**WHAT THIS TASK INVOLVES:**
Could you copy out every line of the data where the word "Custom" occurs?

Data excerpts:
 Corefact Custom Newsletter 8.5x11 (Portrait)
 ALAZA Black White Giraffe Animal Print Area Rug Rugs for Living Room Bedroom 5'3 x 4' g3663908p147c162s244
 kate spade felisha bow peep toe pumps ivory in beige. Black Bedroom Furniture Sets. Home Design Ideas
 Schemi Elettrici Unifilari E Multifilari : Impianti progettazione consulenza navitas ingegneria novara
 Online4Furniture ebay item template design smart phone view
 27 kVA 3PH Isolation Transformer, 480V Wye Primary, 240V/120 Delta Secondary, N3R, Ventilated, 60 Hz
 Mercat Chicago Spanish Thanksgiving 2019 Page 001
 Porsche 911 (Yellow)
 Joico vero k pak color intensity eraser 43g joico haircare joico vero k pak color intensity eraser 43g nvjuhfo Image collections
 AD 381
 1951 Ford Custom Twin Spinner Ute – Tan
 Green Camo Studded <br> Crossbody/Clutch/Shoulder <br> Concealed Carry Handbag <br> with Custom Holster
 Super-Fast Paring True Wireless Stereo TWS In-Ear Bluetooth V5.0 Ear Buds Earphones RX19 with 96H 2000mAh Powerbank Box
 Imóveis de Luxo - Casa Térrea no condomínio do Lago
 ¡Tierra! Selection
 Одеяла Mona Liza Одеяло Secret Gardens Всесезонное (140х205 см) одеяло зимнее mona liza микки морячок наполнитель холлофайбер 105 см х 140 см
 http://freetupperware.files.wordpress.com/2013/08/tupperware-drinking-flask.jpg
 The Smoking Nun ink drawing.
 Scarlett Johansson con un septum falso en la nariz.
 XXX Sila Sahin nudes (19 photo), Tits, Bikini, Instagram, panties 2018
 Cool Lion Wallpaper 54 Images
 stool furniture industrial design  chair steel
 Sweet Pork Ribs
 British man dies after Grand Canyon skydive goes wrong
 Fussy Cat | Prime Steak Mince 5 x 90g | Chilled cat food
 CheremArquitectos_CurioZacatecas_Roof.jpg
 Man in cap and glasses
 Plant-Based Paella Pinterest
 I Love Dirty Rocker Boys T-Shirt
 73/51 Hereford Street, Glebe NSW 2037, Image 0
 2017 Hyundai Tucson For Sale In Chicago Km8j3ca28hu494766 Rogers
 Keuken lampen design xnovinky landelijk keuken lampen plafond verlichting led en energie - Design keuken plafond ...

**OUTPUT OF THE TASK:**
 Corefact Custom Newsletter 8.5x11 (Portrait)
 1951 Ford Custom Twin Spinner Ute – Tan
 Green Camo Studded <br> Crossbody/Clutch/Shoulder <br> Concealed Carry Handbag <br> with Custom Holster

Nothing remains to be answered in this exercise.